The distribution channel of meat by-products from the pig farm to the final consumer can include a meat processor, wholesale market, wholesaler, retailer, and butcher shop. Bacterial contamination at any of these steps remains to be a serious public health concern. The aim of this study was to evaluate the distribution channel and microbial characteristics of pig by-products in Korea. Upon evaluation of pig by-products in cold storage, we found that the small and large intestine were significantly (p<0.05) higher in pH value compared to the heart and liver. The total plate counts were not significantly different among offals until cold storage for 7 d. The coliform count after 1 d of cold storage was significantly (p<0.05) higher in small and large intestine than in the other organs. The coliform count of heart, liver, and stomach showed a higher coliform count than small and large intestine until 7 d of cold storage. As determined by 16S rRNA sequencing, contamination of major pig by-products with Escherichia coli, Shigella spp., and other bacterial species occurred. Therefore, our results suggest that a more careful washing process is needed to maintain quality and hygiene and to ensure the safety of pig by-products, especially for small and large intestine.

Keywords

Introduction

Slaughterhouses generate a significant amount of solid (skin, heart, liver, intestine, etc.) and liquid (blood) byproducts. In Korea, 14,039,960 pigs were slaughtered in 2012 (MFDS, 2013). Some pig by-products are processed by renderers, and many pig by-products are served at Korean restaurants as popular food products.

The yield of edible blood and organs from cattle is 12%. When pork rinds are included, the yield is 14% for hogs (Fornias, 1996). Animal by-products such as blood, liver, lung, heart, kidney, brains, spleen, and tripe have good nutritive value (Anderson, 1988; Honikel, 2011) and constitute part of the diet in different countries worldwide (Nollet and Toldrá, 2011). The protein content of all by-products is 15-22% with few exceptions (Honikel, 2011). Animal liver is very rich in vitamins (Kim, 2011), while liver and kidney contain a wide variety of minerals and trace elements (García-Llatas et al., 2011), although cholesterol content in these organs is quite high (Bragagnolo, 2011). For instance, vitamin A content may be 20,000 retinol equivalents/μg in pork heart (Honikel, 2011). Liver and spleen provide concentrations of vitamin C that are equivalent to or higher than those in apples and near the range of citrus fruits (Souci et al., 2004). Bovine blood consists of 80.9% water, 17.3% protein, 0.23% lipid, 0.0% carbohydrate, and 0.62% minerals (Duarte et al., 1999). Blood proteins, especially those found in the plasma fraction, have relevant properties, such as gelation, foaming, and emulsification, which have prompted the use of blood-derived products as value-added ingredients in the food industry and as dietary supplements (Ofori and Hsieh, 2011). For example, fractionated plasma proteins such as immunoglobulins, fibrinogen, and serum albumin may be added to food and feed ingredients because of their gelation and emulsification properties (Cofrades et al., 2000). Some plasma proteins have shown good cross-linking ability and protease inhibitory activity (Kang and Lanier, 1999). They have also been used to enrich products such as pasta with protein (Yousif et al., 2003).

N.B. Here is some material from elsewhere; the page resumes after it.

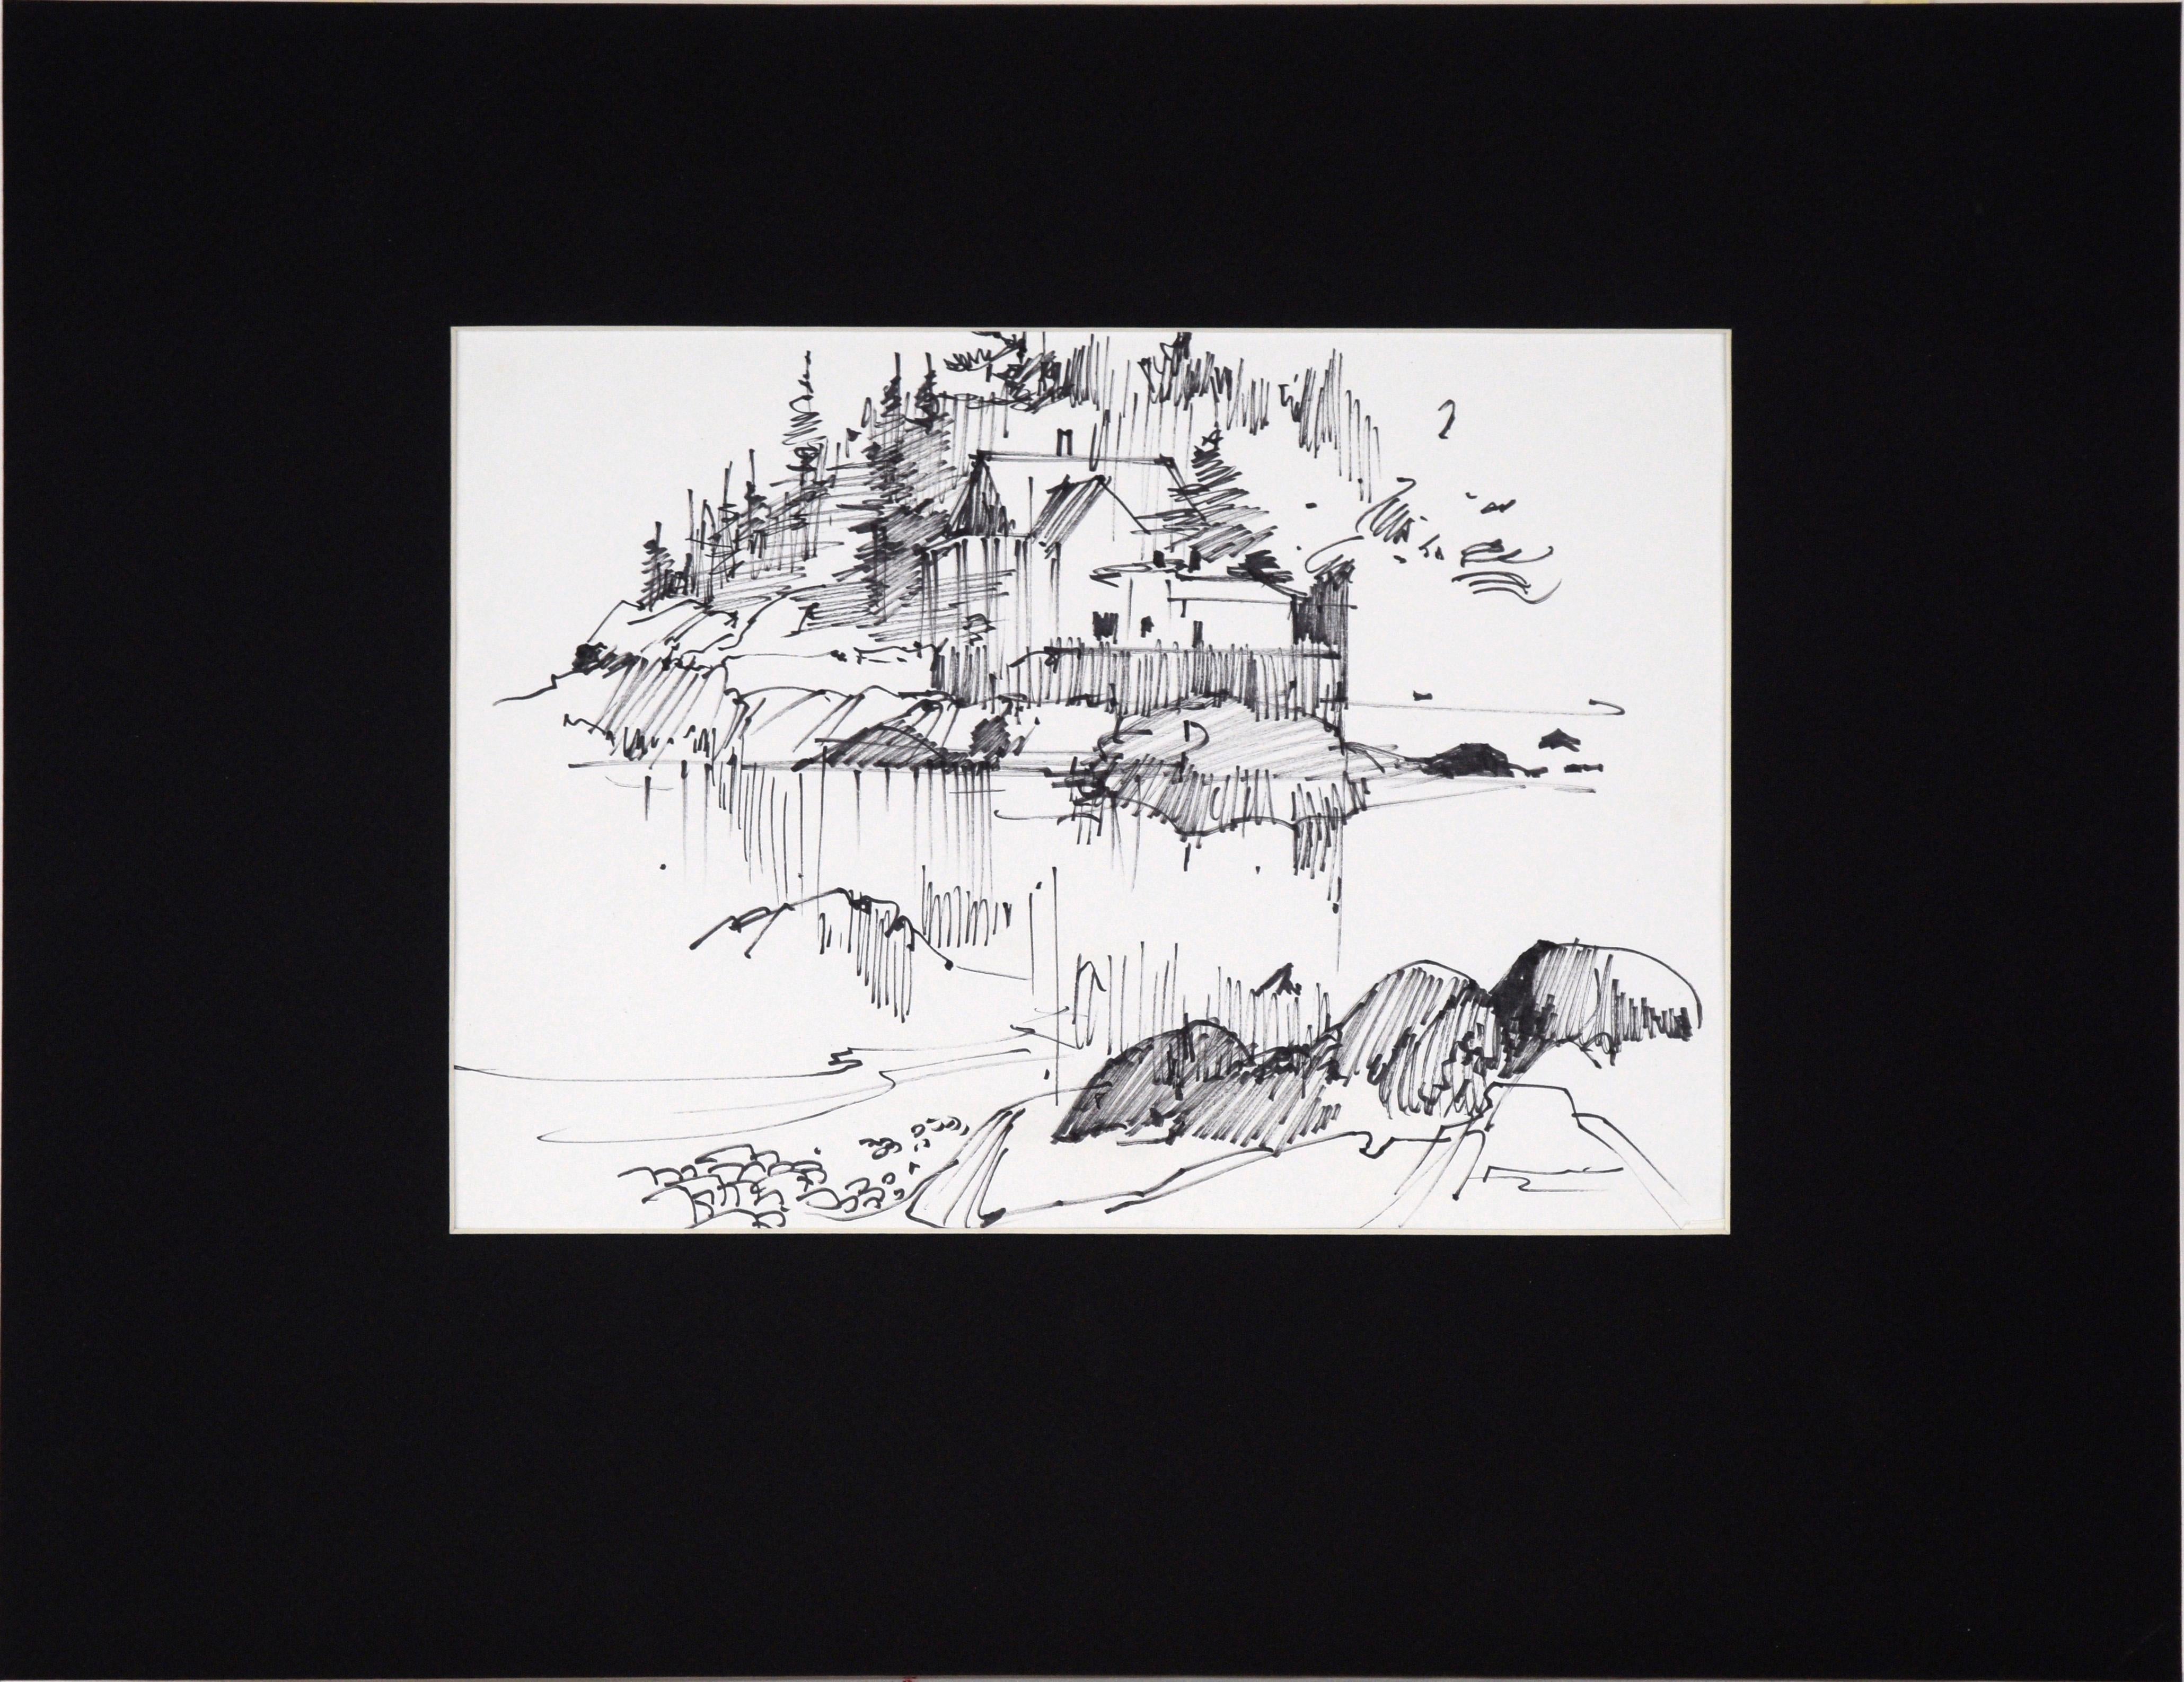 Laurence Sisson Landscape Art - House Across the Lake - Line Drawing Landscape in Ink on Paper

All pig by-products are processed and washed with tap water in Korea. However, variation in the quality of pig by-products such as entrails is higher within companies, which mostly distribute them in a frozen state. Therefore, the two objectives of this study were to investigate the distribution channel of pig by-products and the microbial characteristics of washed and packed pig by-products during storage at 4℃.

 

Materials and Methods

Distribution channel

The investigation of the distribution channel of Korean meat by-products was performed by visiting three major companies involved in meat by-product handling and storage.

Sampling

Pig by-products were obtained from pigs slaughtered at the meat plant of National Institute of Animal Science (NIAS) using standard procedures of NIAS-RDA, Korea. The pigs have been laraged during for 6 hr after transport. An electrical stunner was used to stun the pigs which were then slaughtered. Pig by-products had been collected after bleeding, scalding, dehairing, washing, skinning and evisceration. Pig by-products, such as heart, kidney, stomach, small intestine, and large intestine were washed with tap water. By-products were packed in polyethylene bags and stored at 4℃ for 1, 3, 7, or 10 d.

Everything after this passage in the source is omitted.